# N8ride - Tanz mit den Geistern - Halloween



## Coffee (13. Oktober 2007)

Hallo Ihr,

wie auch in den letzten beiden Jahren möchte ich hier zu einem Halloween NightRide am 31.10.2007 aufrufen. Nach dem der 1 November ja sowieso ein Feiertag ist, steht dem nächtlichen Ausritt nichts im wege.

Wie üblich werden wir uns in Fürth an der "AltenVeste" treffen um den Ritt in die Nacht zu beginnen.

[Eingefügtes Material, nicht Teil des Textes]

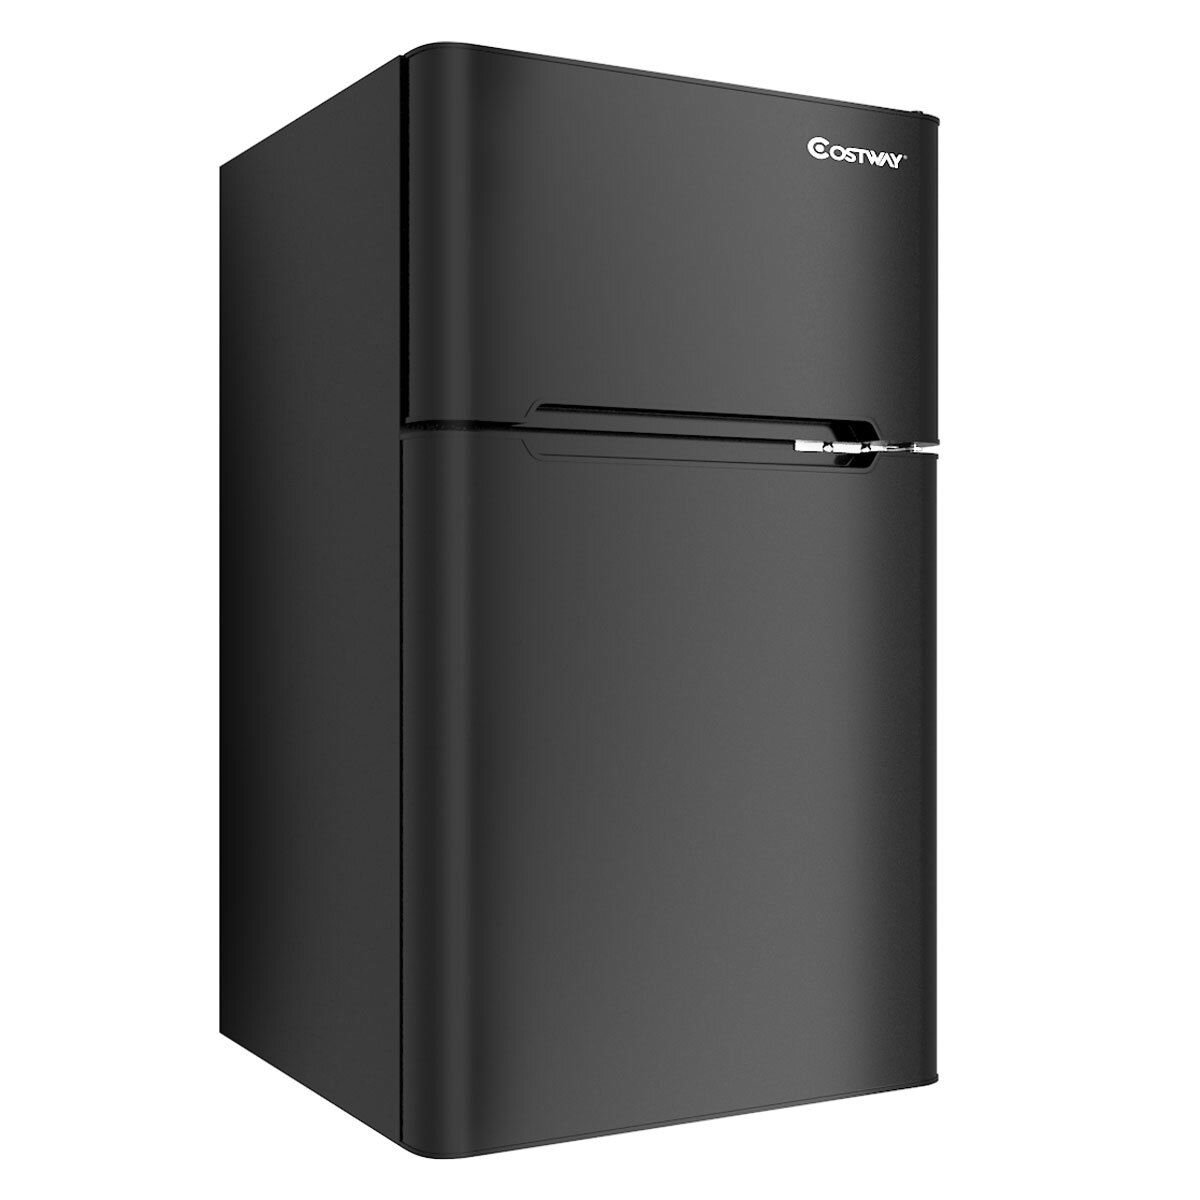 Jeremy Cass 3.5 Cu. ft. Compact Refrigerator Mini Fridge in Black with Freezer Small Refrigerator with 2 Door

Nach ausreichenden durchpflügen des Stadwaldes ( 1 - 1,5 Stündchen gesamt) geht es zu einem kleinen Umtrunk in das Stadtparkkaffee das sich die letzten beiden Jahre ebenfalls bewährt hat.


Selbstverständlich ist wie immer Verkleidungspflicht   auch diesmal werde ich mir für das beste Kostüm etwas einfallen lassen  

Helm + Lich sind pflicht!!

und hier nochmal in kurzform:


*Termin:  31.10.2007

Treffpunkt:   Alte Veste Fürth (oben unterhalb des Turmes)

Zeitpunkt:   19.00 Uhr

*


Bitte kurzes feedback wer dabei sein wird.

Grüße coffee


----------



## speedy_j (13. Oktober 2007)

vielleicht, wenn ich bis dahin endlich mal meine lampe zusammengebaut habe.
allderdings passt mir das mit dem verkleiden gar nicht. bin nicht umsonst mit der größte faschingsmuffel.


----------



## MTB-News.de




----------



## OLB EMan (13. Oktober 2007)

verkleid dich doch als radfahrer


----------



## Coffee (14. Oktober 2007)

@ speed_j, du musst nicht in vollmontur kommen, der gute wille zählt auch  lass dir was einfallen.

coffee


----------



## Beerchen (14. Oktober 2007)

Da bin ich natürlich auch wieder dabei 

Werbeerchen 2006





Gruß 
Martin


----------



## romen52791 (15. Oktober 2007)

hab mal ne frage. was wird eig gefahren. ich mein einfach nur waldwege oda richtig off road?? wäre schon interesant bin aba noch nie nachts gefahren.kostüm hätte ich auch schon wenn ihr mit nem massenmörder ala jason voorhees fahren wollt^^

mfg steffen


----------



## Jenny999 (15. Oktober 2007)

Guten Morgen,
wir sind leider nicht dabei...sind schon auf Abwegen gen warmen Osten  Euch auf jeden Fall viel Spaß.
Jenny


----------



## Coffee (15. Oktober 2007)

romen52791 schrieb:


> hab mal ne frage. was wird eig gefahren. ich mein einfach nur waldwege oda richtig off road?? wäre schon interesant bin aba noch nie nachts gefahren.kostüm hätte ich auch schon wenn ihr mit nem massenmörder ala jason voorhees fahren wollt^^
> 
> mfg steffen



es geht durch den wald, ab udn an kann schon mal was wurzeliges dabei sein  licht und helm sind pflicht. wird aber kein rennen sondern eher was lockeres spaßiges 

coffee


----------



## Ganion (15. Oktober 2007)

Hi Coffee,

ich habs mir in den Kalender geschrieben - sollte eigentlich klappen und im Stadtwald sind wir auch öfter mit Lampe unterwegs . Freue mich also schon! 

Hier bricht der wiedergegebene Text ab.